Aim of the task » Omitting all images, set down every line below exactly as it appears.

[Stored items]
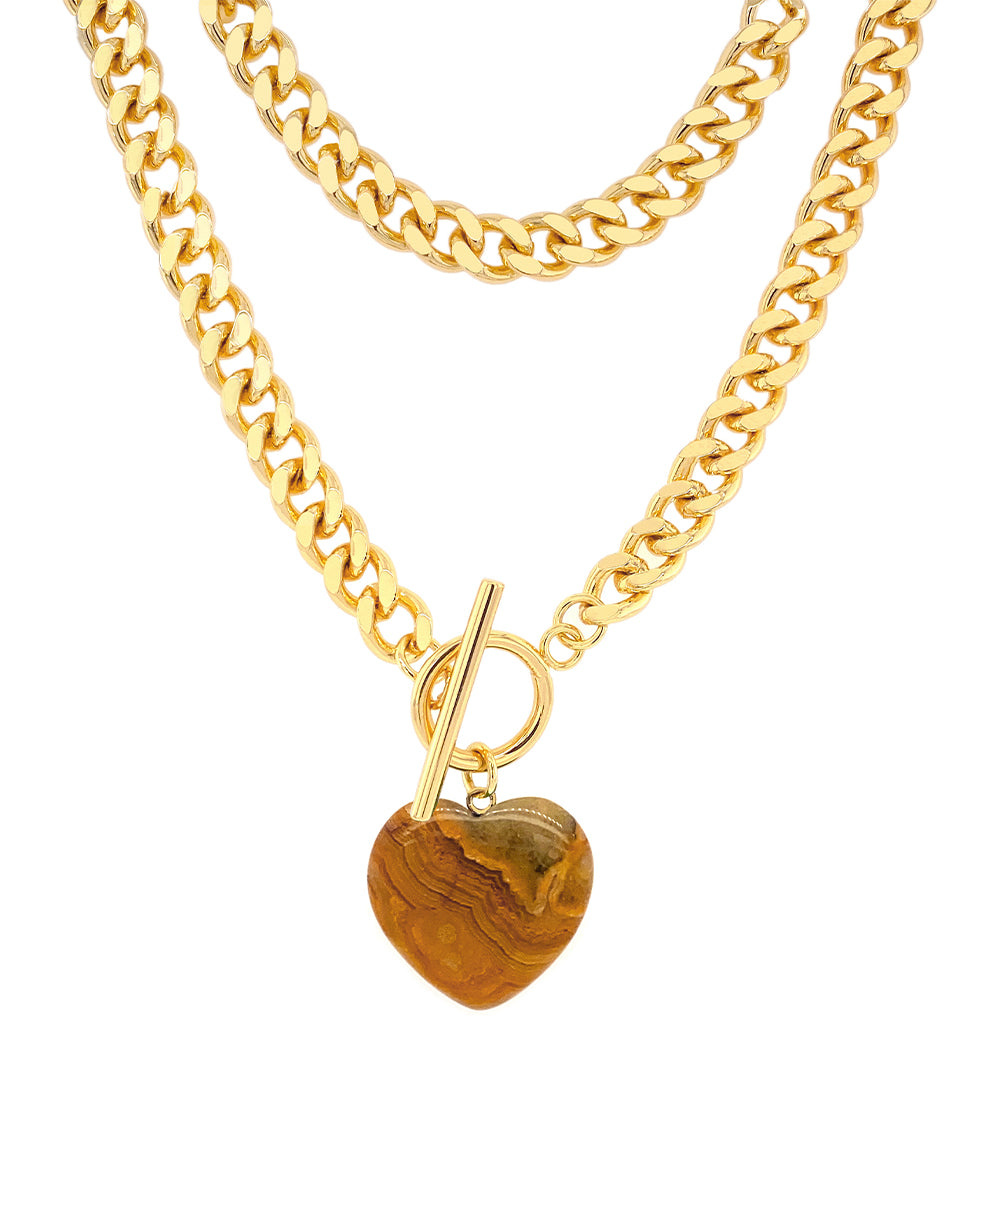 Jurate LA Oh Girl Brown Agate Necklace
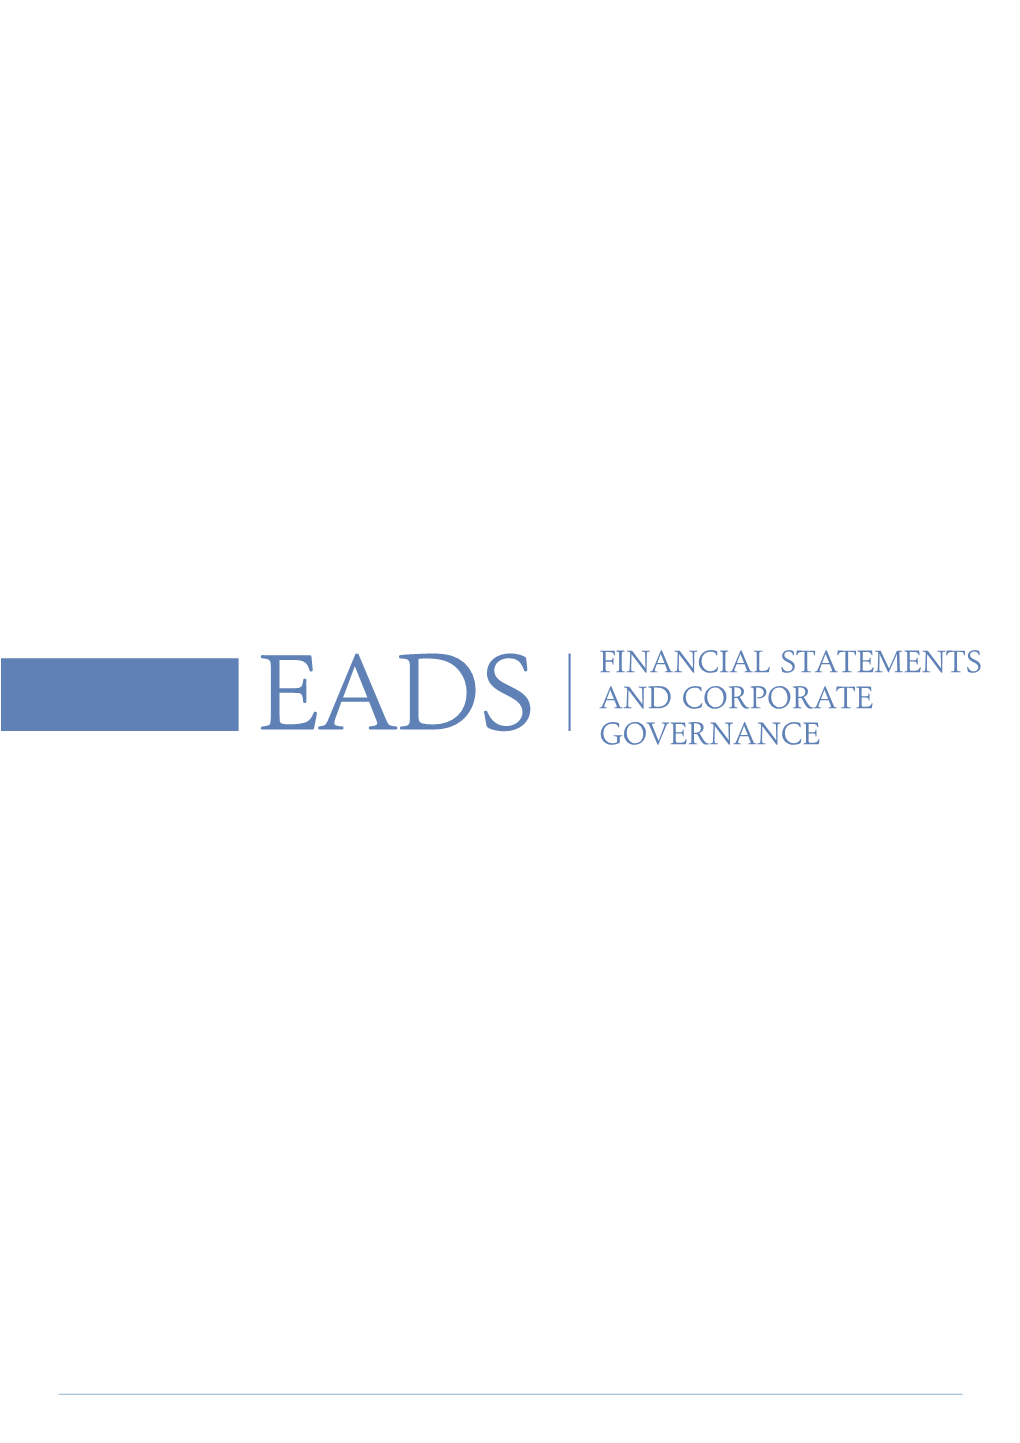 EADS Financial Statements and Corporate Governance Financial Statements and Corporate Governance Registration Document - Part 1
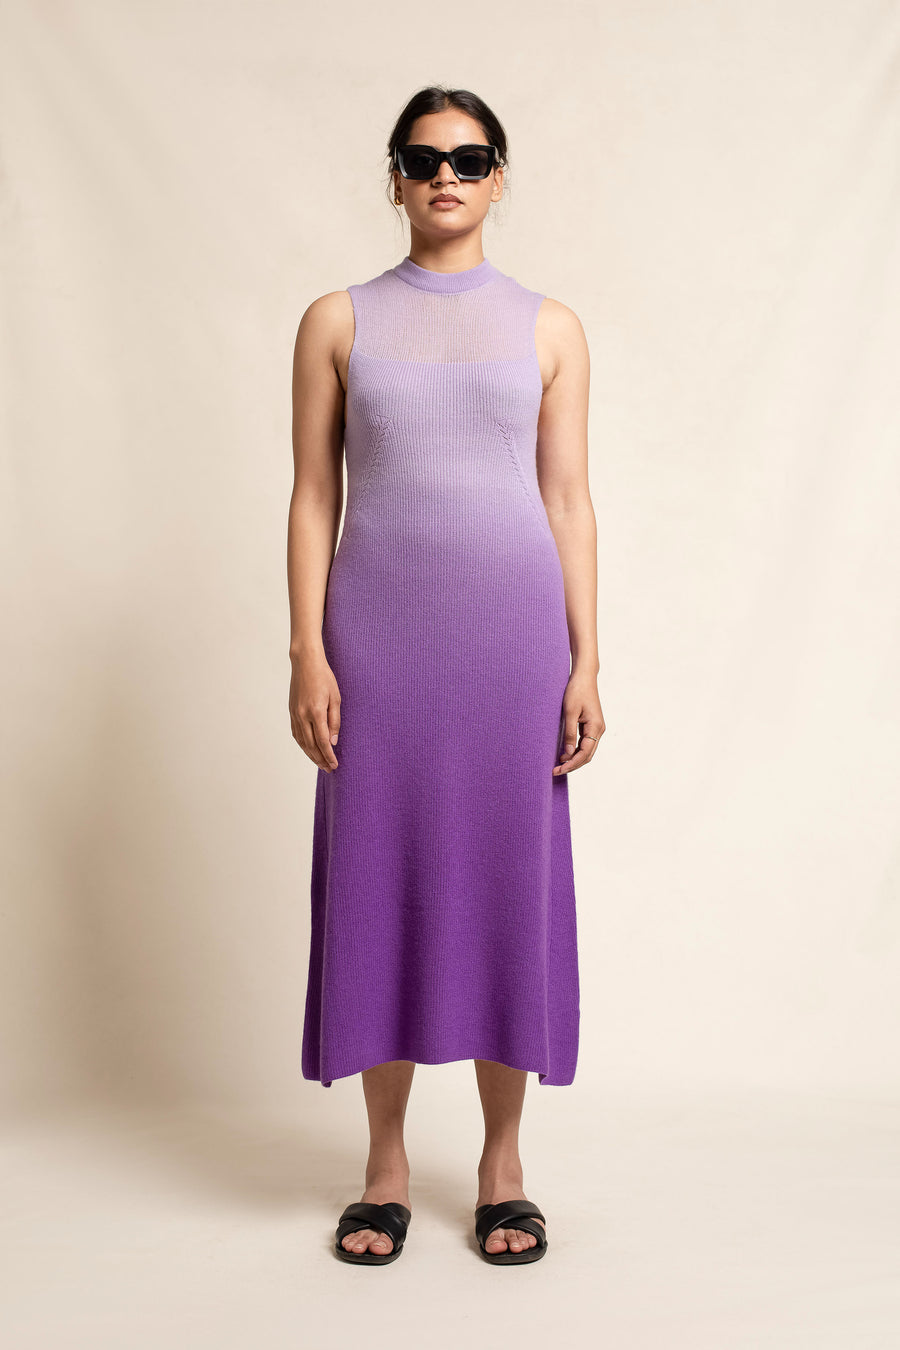 The Ombre Dress
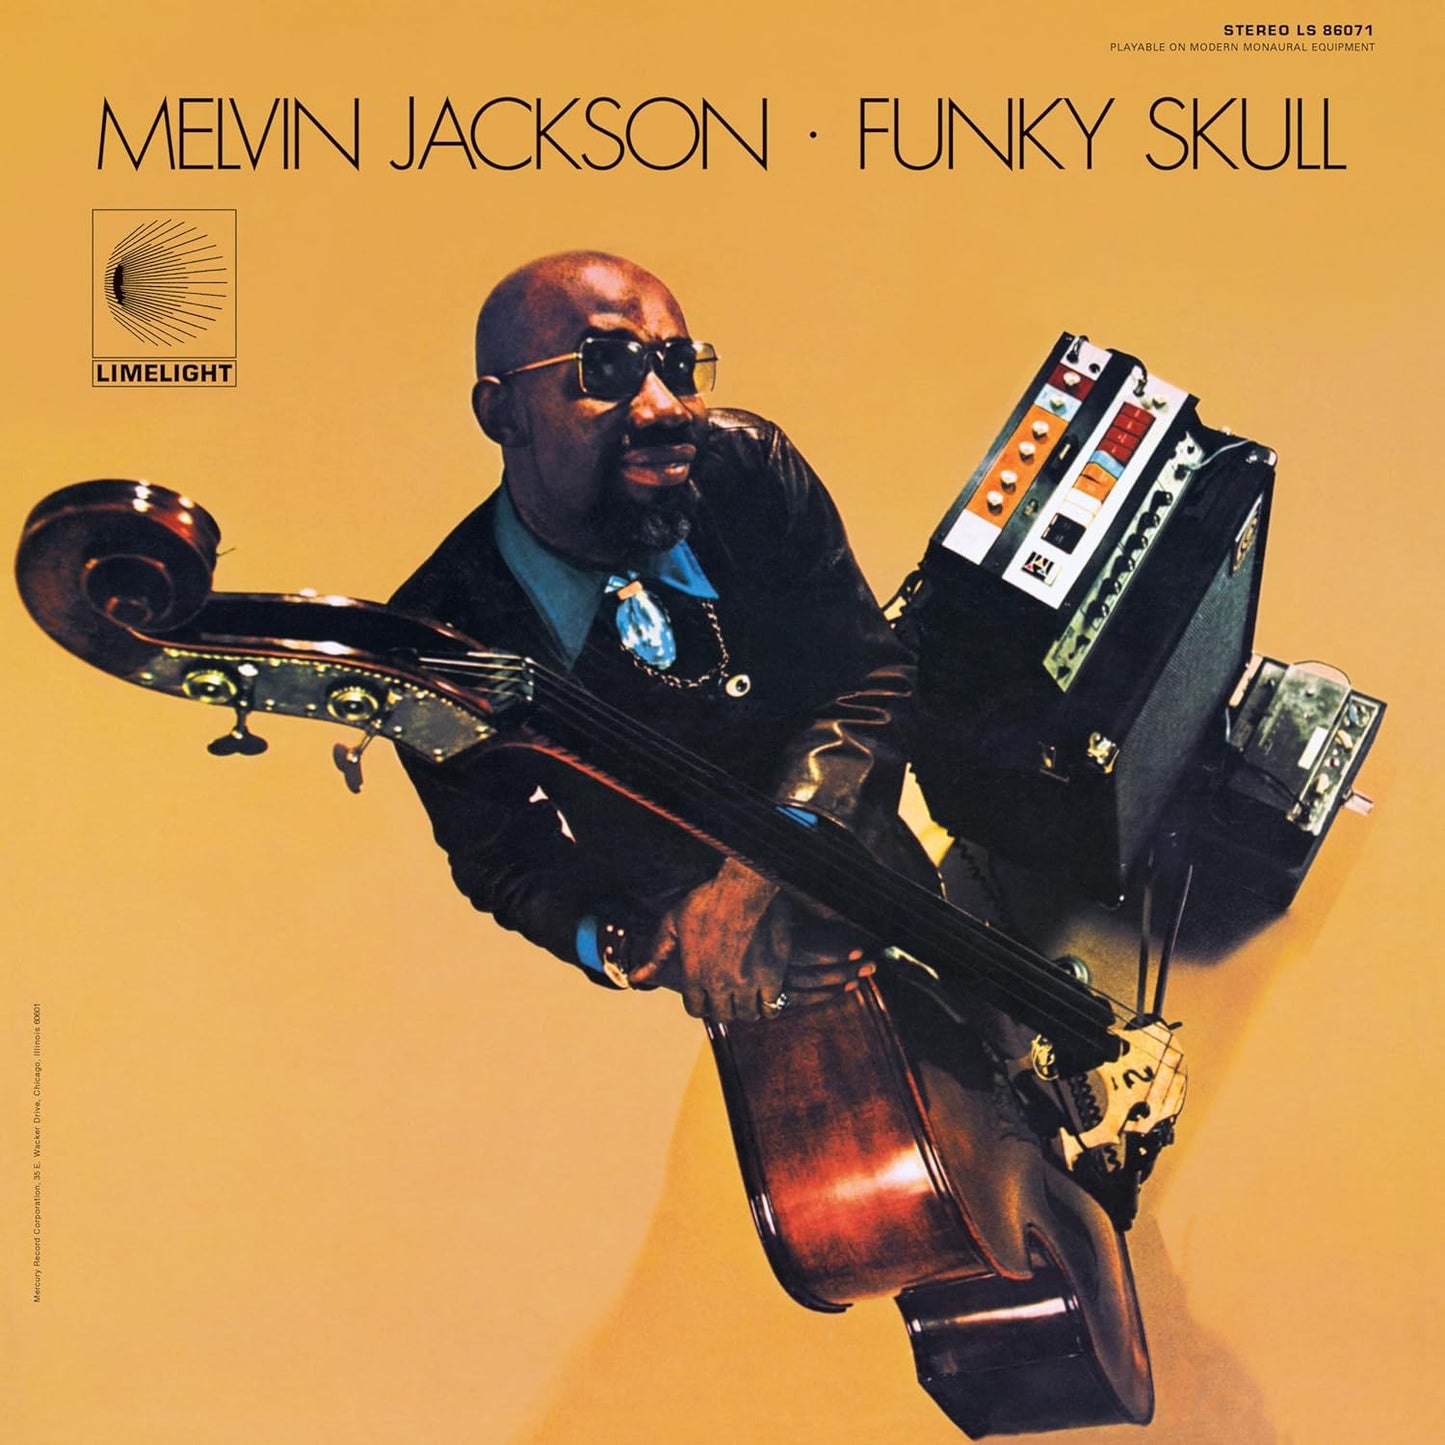 LP - Melvin Jackson - Funky Skull (Verve By Request)
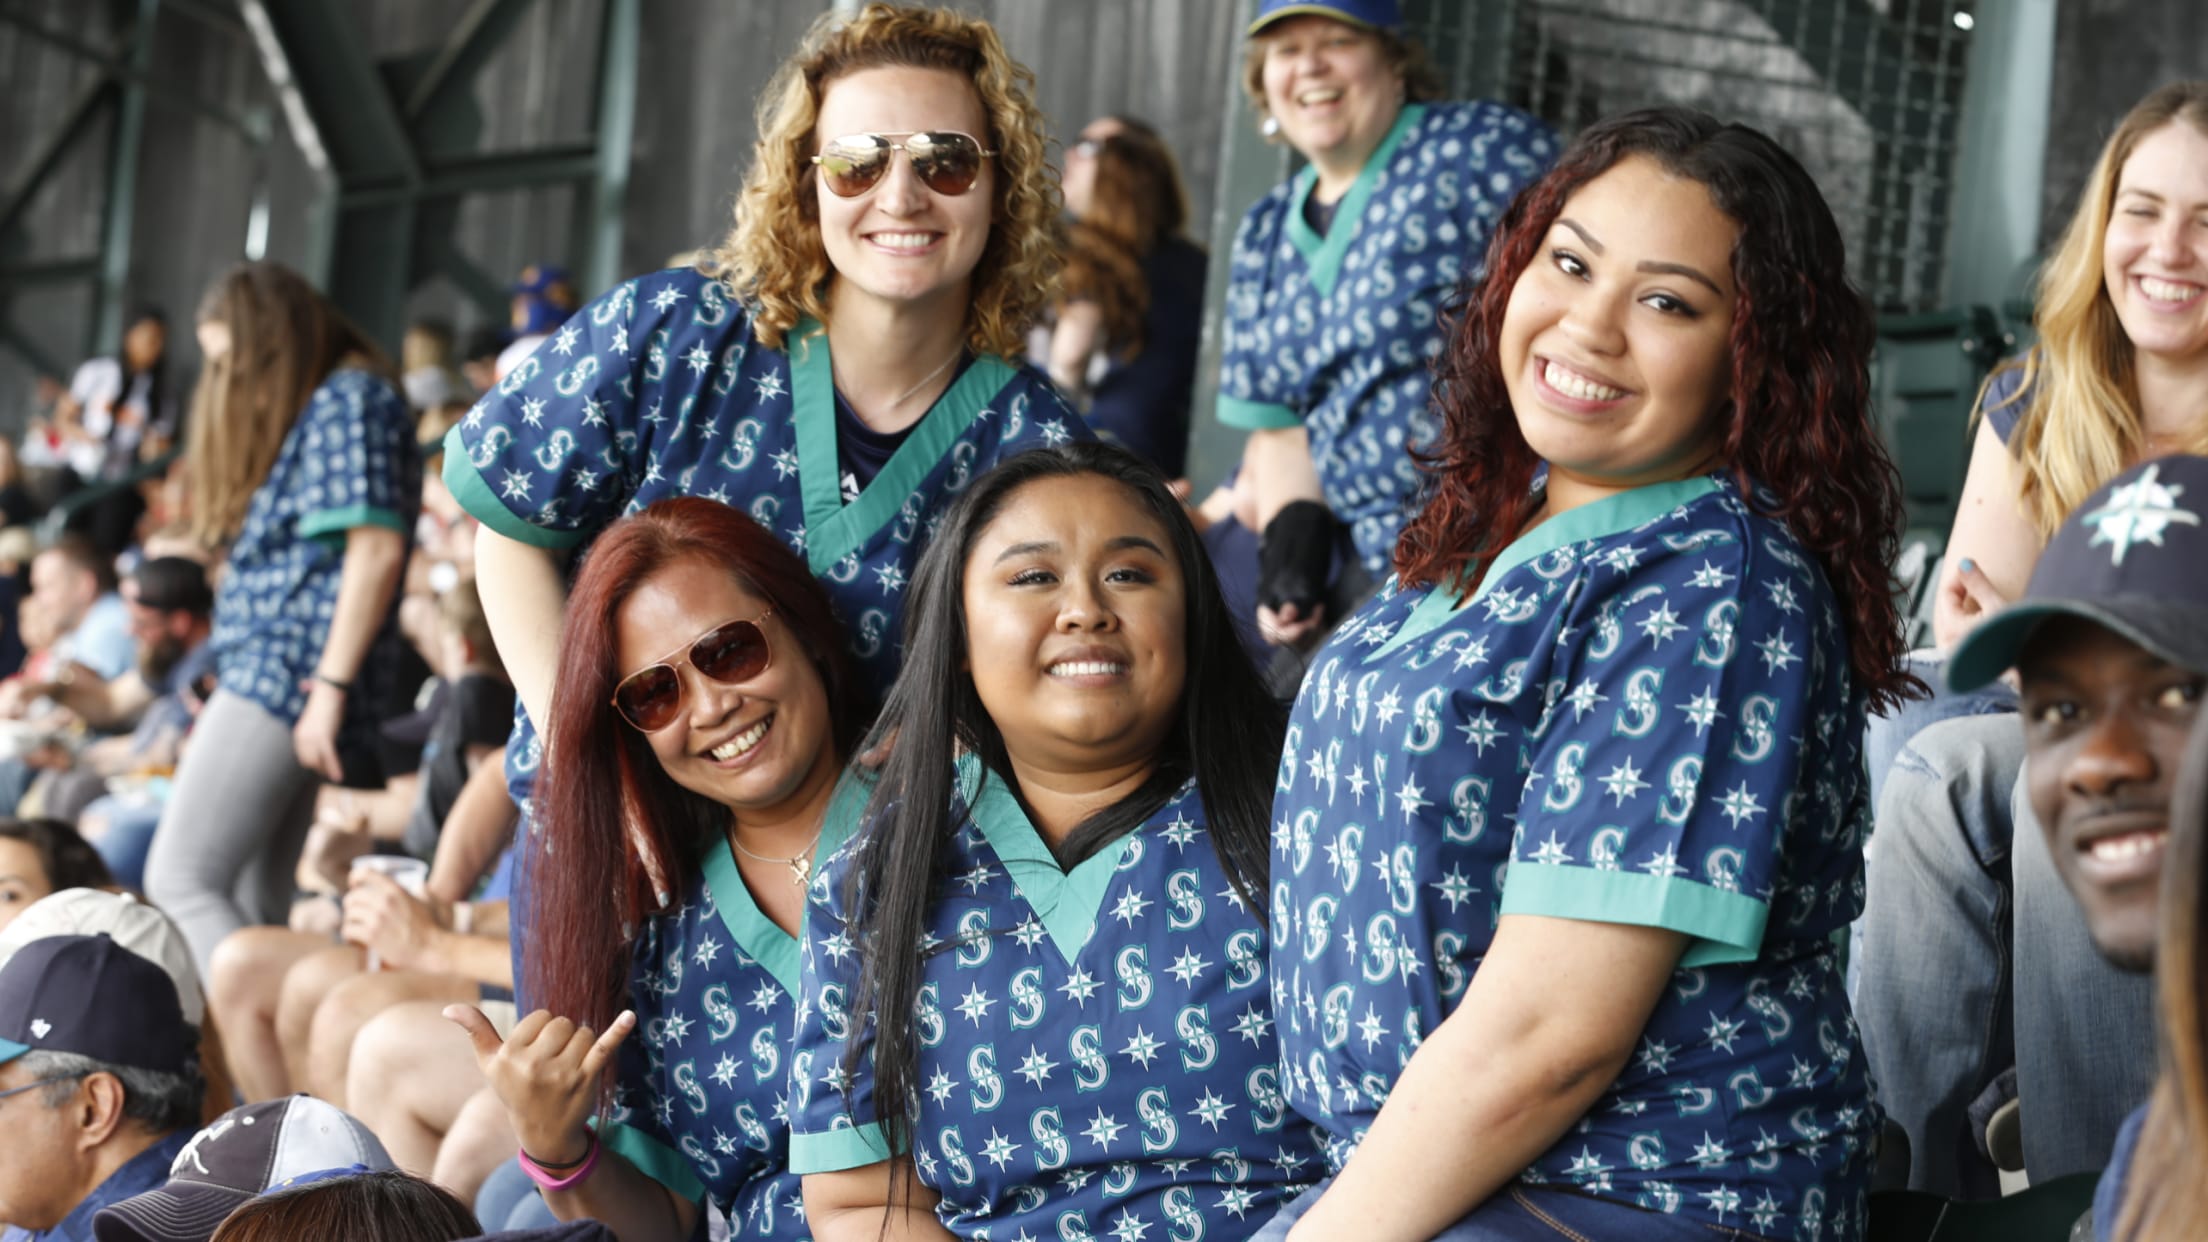 What to Look For in the 2022 Mariners Promotional Schedule - Lookout Landing

Answer for this exercise »
 Jurate LA Oh Girl Brown Agate Necklace
 EADS Financial Statements and Corporate Governance Financial Statements and Corporate Governance Registration Document - Part 1
 The Ombre Dress
 LP - Melvin Jackson - Funky Skull (Verve By Request)
 What to Look For in the 2022 Mariners Promotional Schedule - Lookout Landing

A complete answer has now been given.